1. Duration
Monday, November 14th, 2022 - Saturday, November 19th, 2022
2. Learning Record
2.1 Fine-Tune the ViT Model
Fine-tuned the vision transformer model on the cat_and_dag dataset and the flowers dataset. The model achieved approximately 86% accuracy on the flowers dataset.
I also refactored the code for micro-expression spotting to fit the input shape of the vision transformer. But the result was as bad as shit. I needed time to fine-tune the hyperparameters.
2.2 Learned Swin Vision Transformer
I found a different structure of vision transformer called Swin Vit. I watched the video and planned to read the code the next week.
2.3 Learned SL-Vit
I read the paper [1] and refactored the code using TensorFlow to make its structure be similar to the vision transformer code shown in the d2l notebook.
The code worked well and gave a similar result on the cat_and_dog dataset and the flowers dataset.
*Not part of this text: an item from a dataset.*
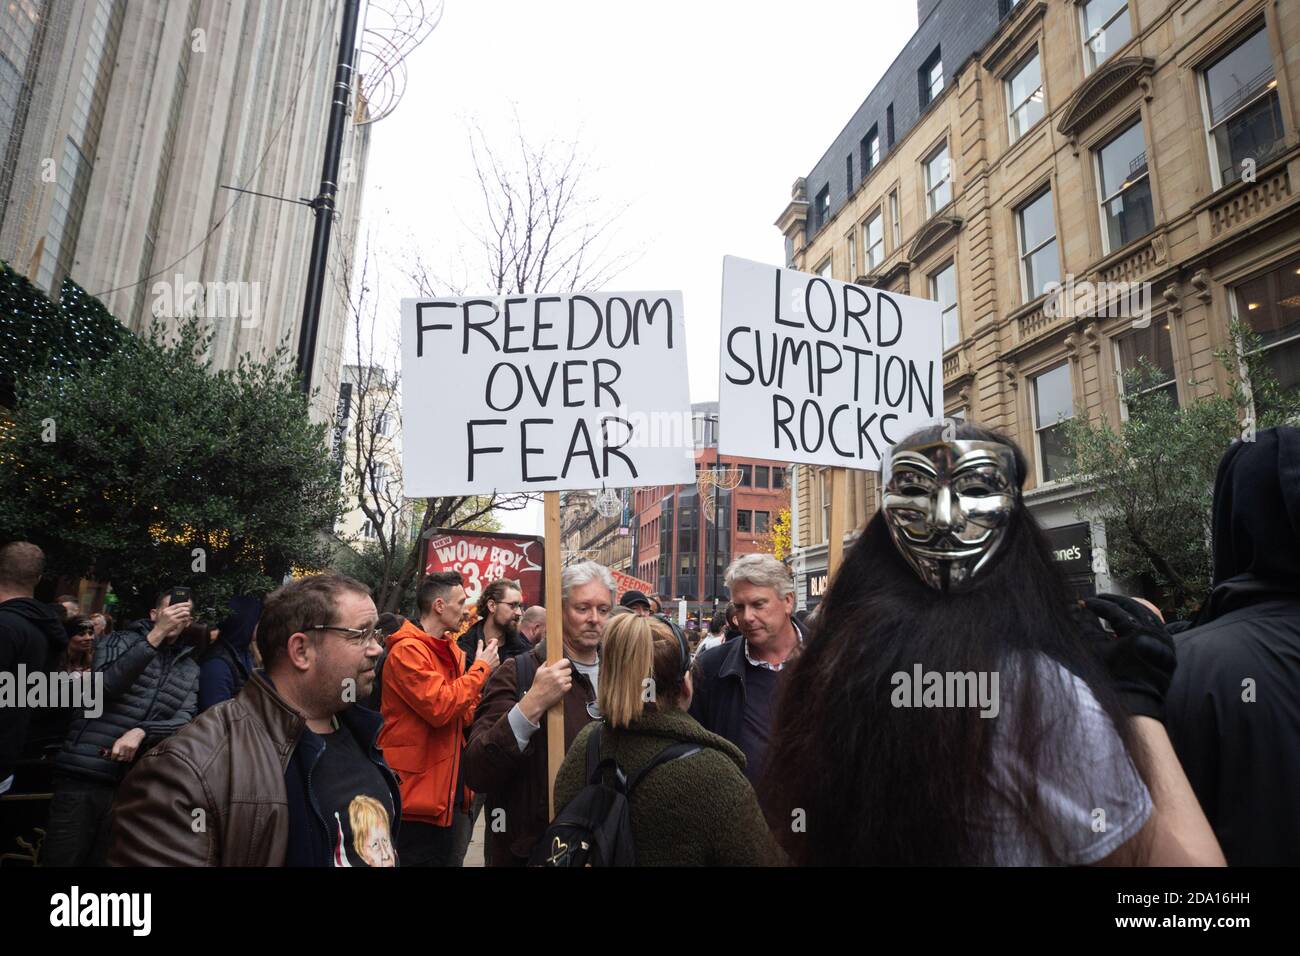 Affiches « liberté sur la peur » et « Lord Sumption Rocks » sur le Manifestation anti-verrouillage Manchester 08-11-2020 Banque D'Images

I read the code carefully and found the SL-Vit changes the patch embedding and multilayer attention module of the vision transformer.
3. Feeling
I don't have any good feelings even though the code ran well as I was blocked in my dorm for ten days.
4. Reference
[1]S. H. Lee, S. Lee, and B. C. Song, “Vision Transformer for Small-Size Datasets.” arXiv, 2021. doi: 10.48550/ARXIV.2112.13492.